WHAT IS BEING ASKED:
With the pictures left aside, write out exactly the lines of the listing below from the line with "Marvel Superhero/Disney Hybrids! Awesome." to the line with "Blaklader T-shirts 35351063", both included, and only those.

LISTED RECORDS:
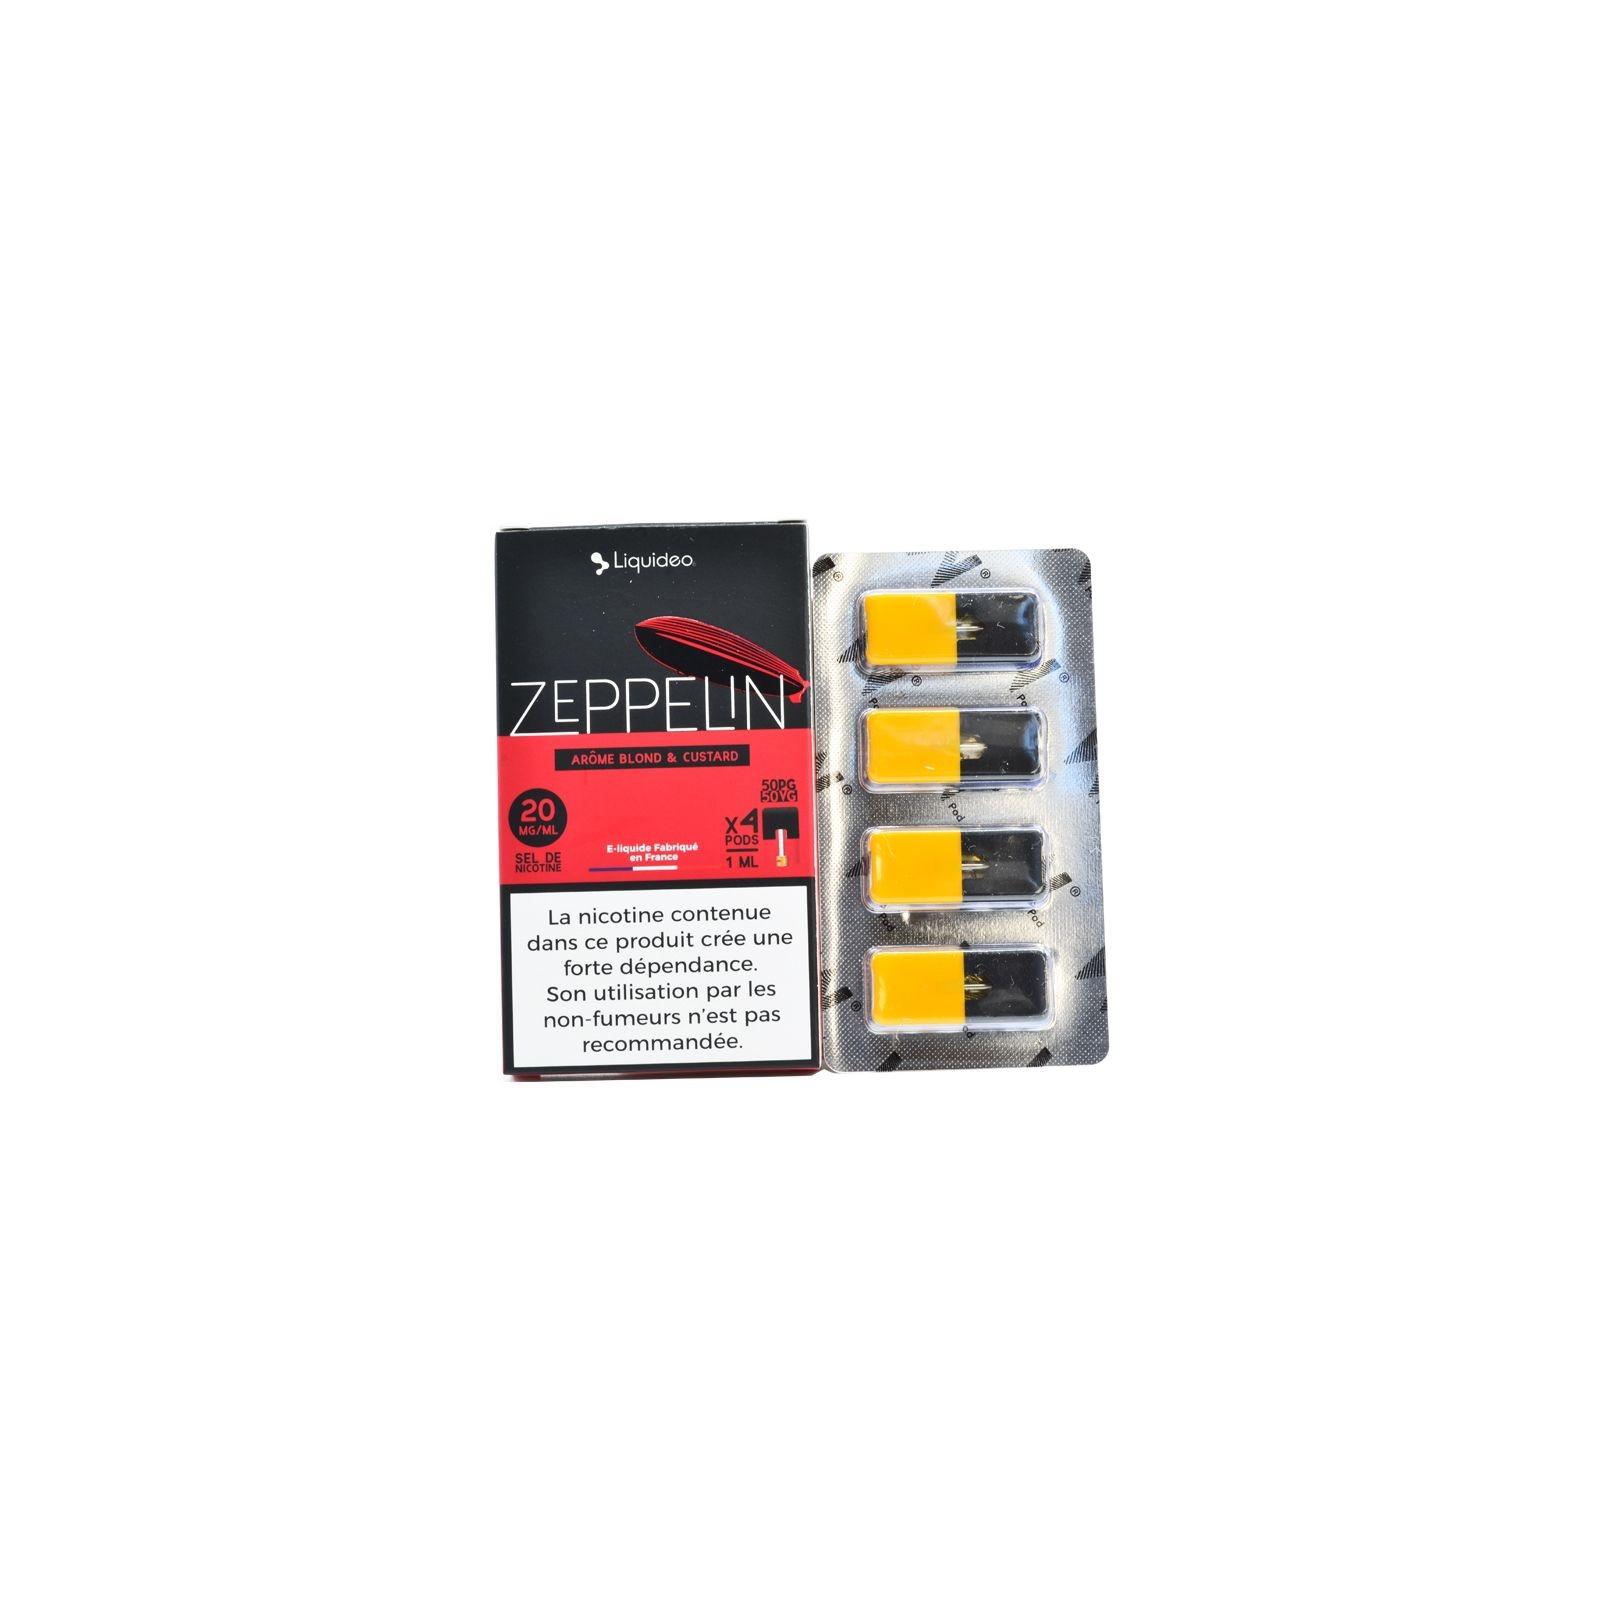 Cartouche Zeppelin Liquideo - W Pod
--
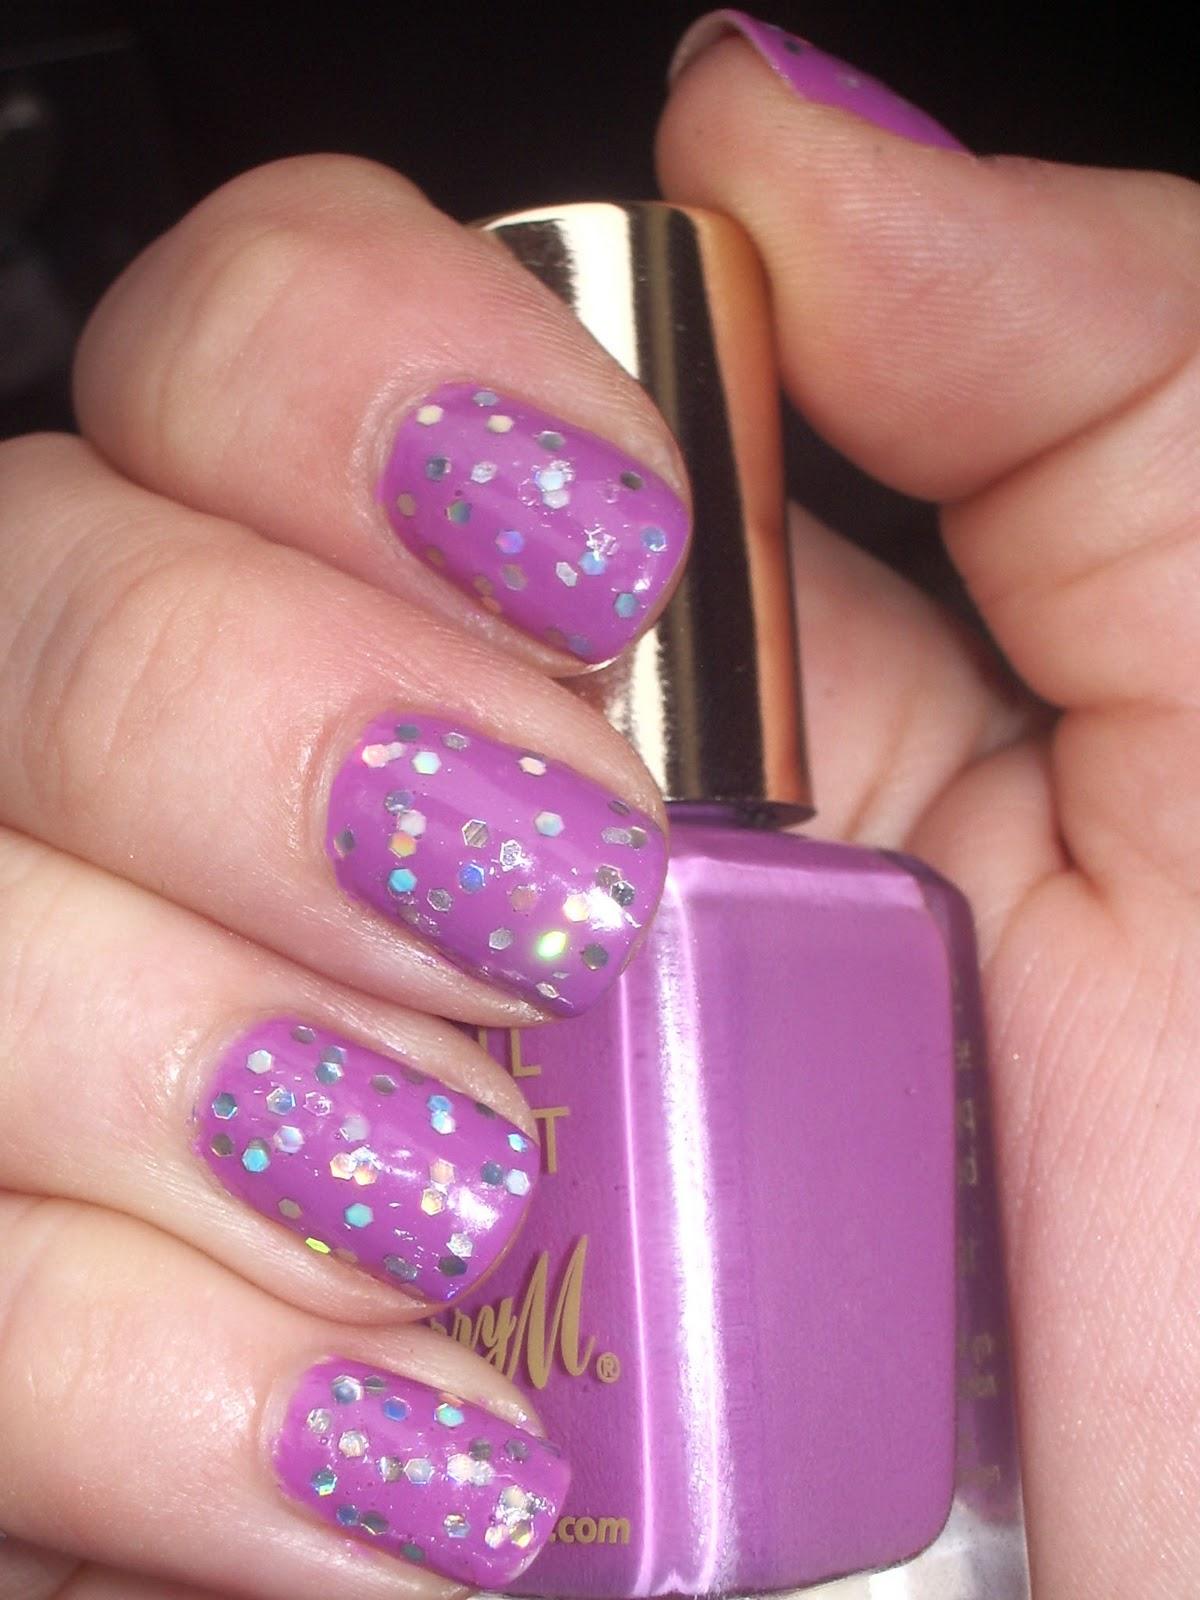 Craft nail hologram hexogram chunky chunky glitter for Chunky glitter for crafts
...
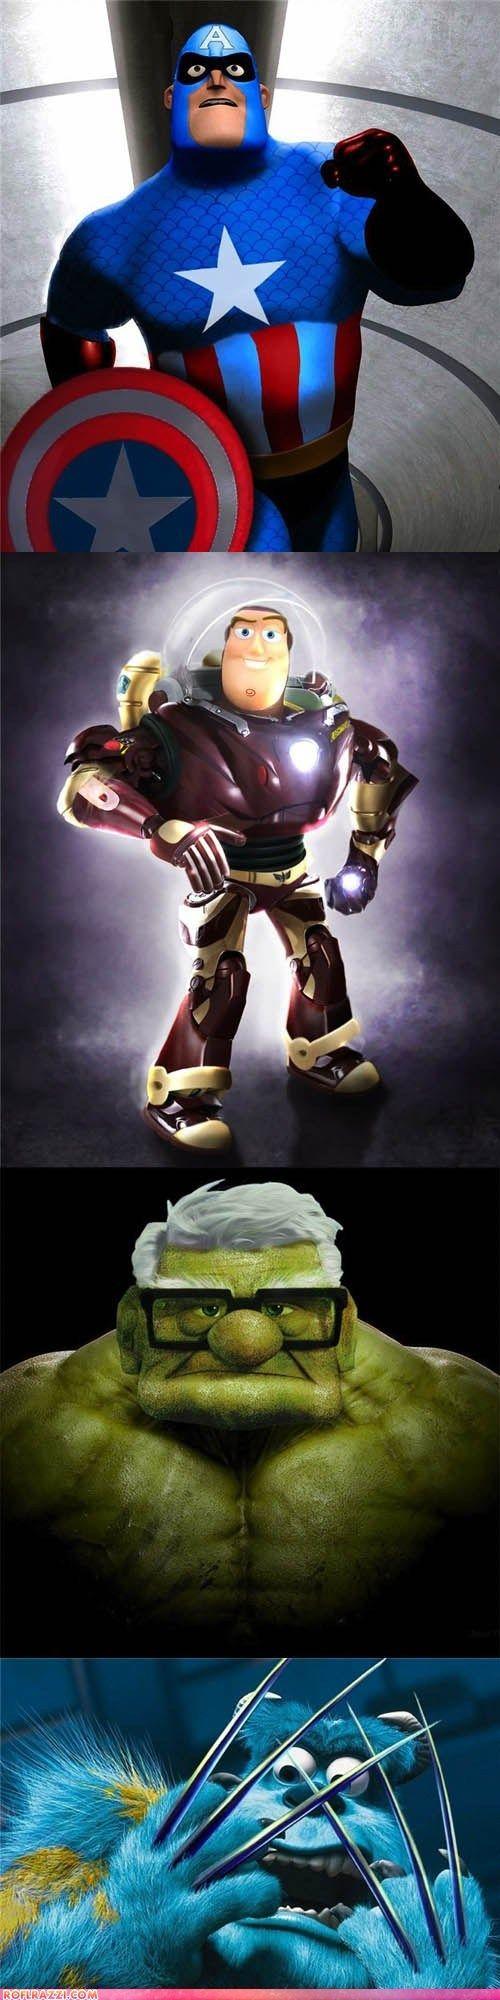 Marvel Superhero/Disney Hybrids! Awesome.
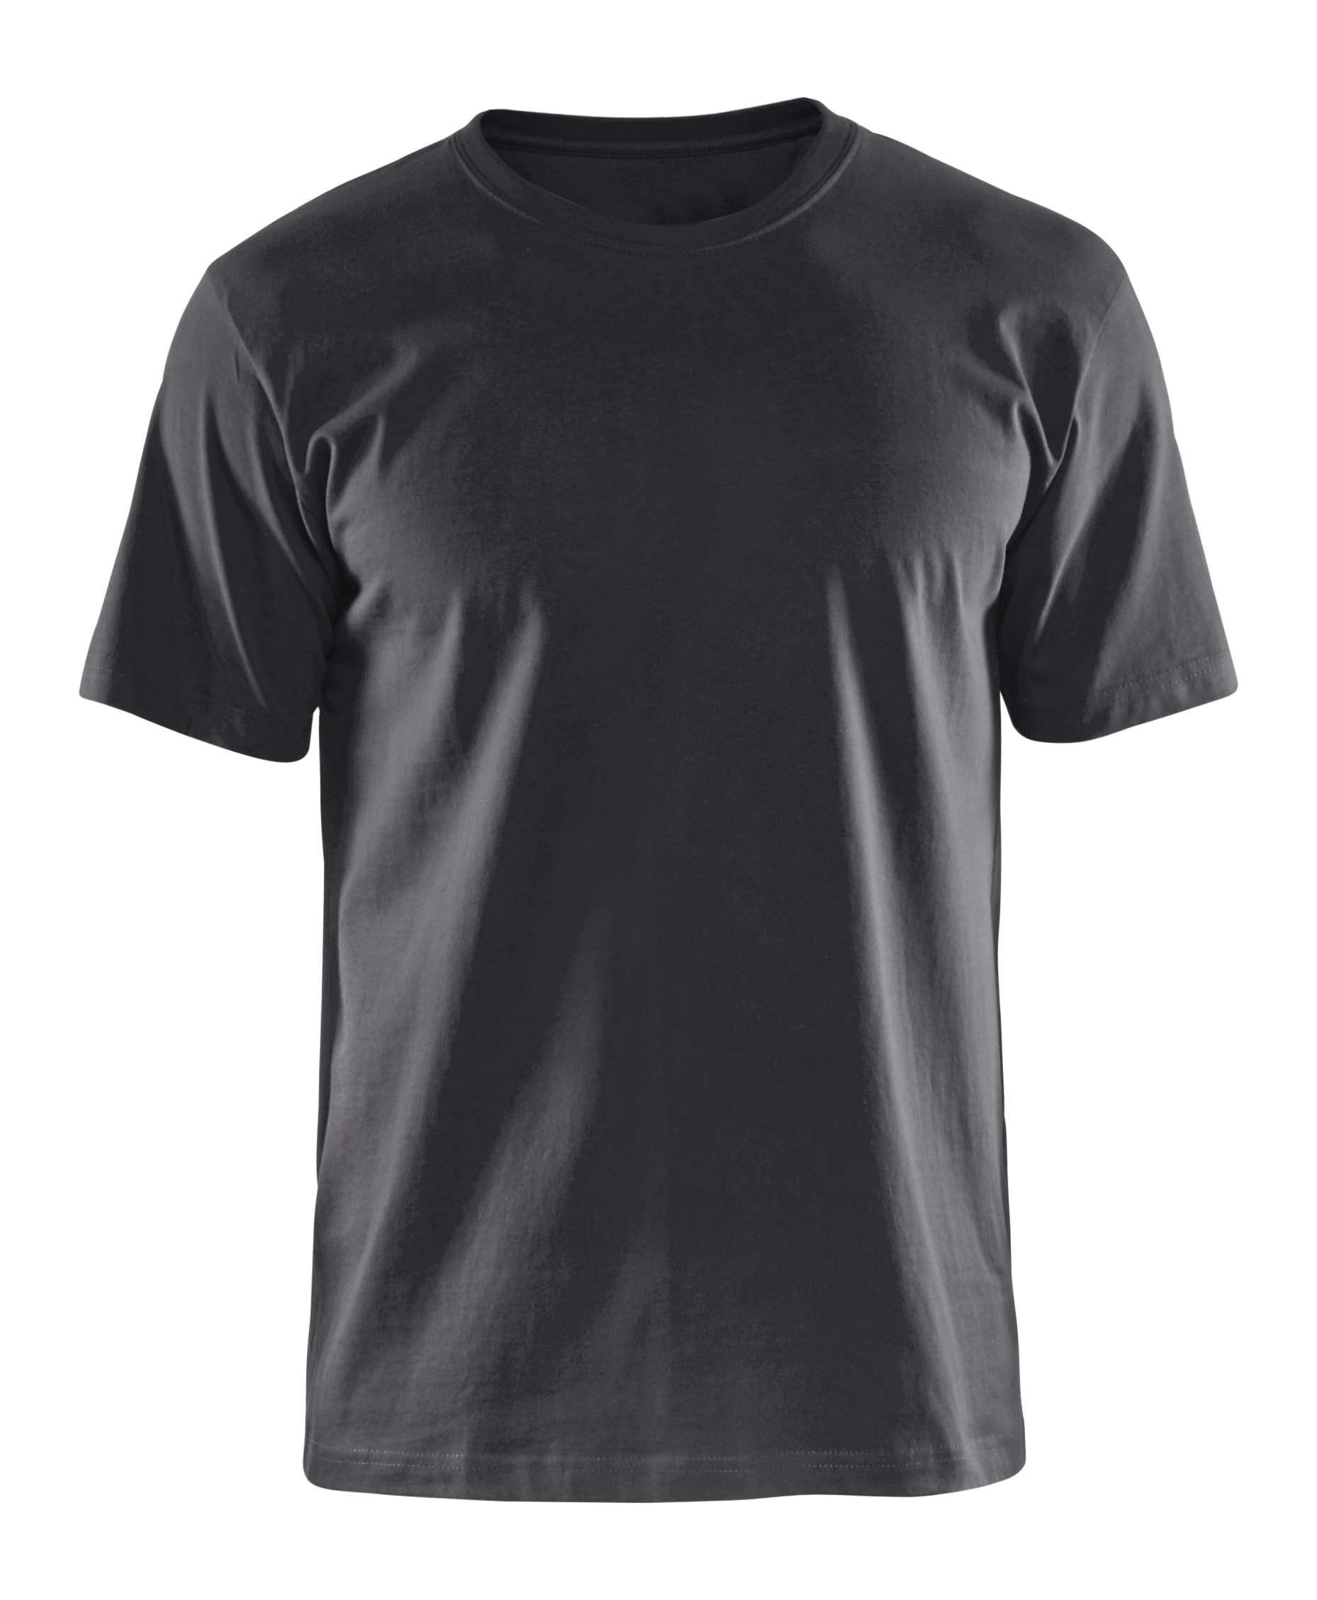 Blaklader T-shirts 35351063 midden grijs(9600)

SOLUTION BELOW:
 Marvel Superhero/Disney Hybrids! Awesome.
 Blaklader T-shirts 35351063 midden grijs(9600)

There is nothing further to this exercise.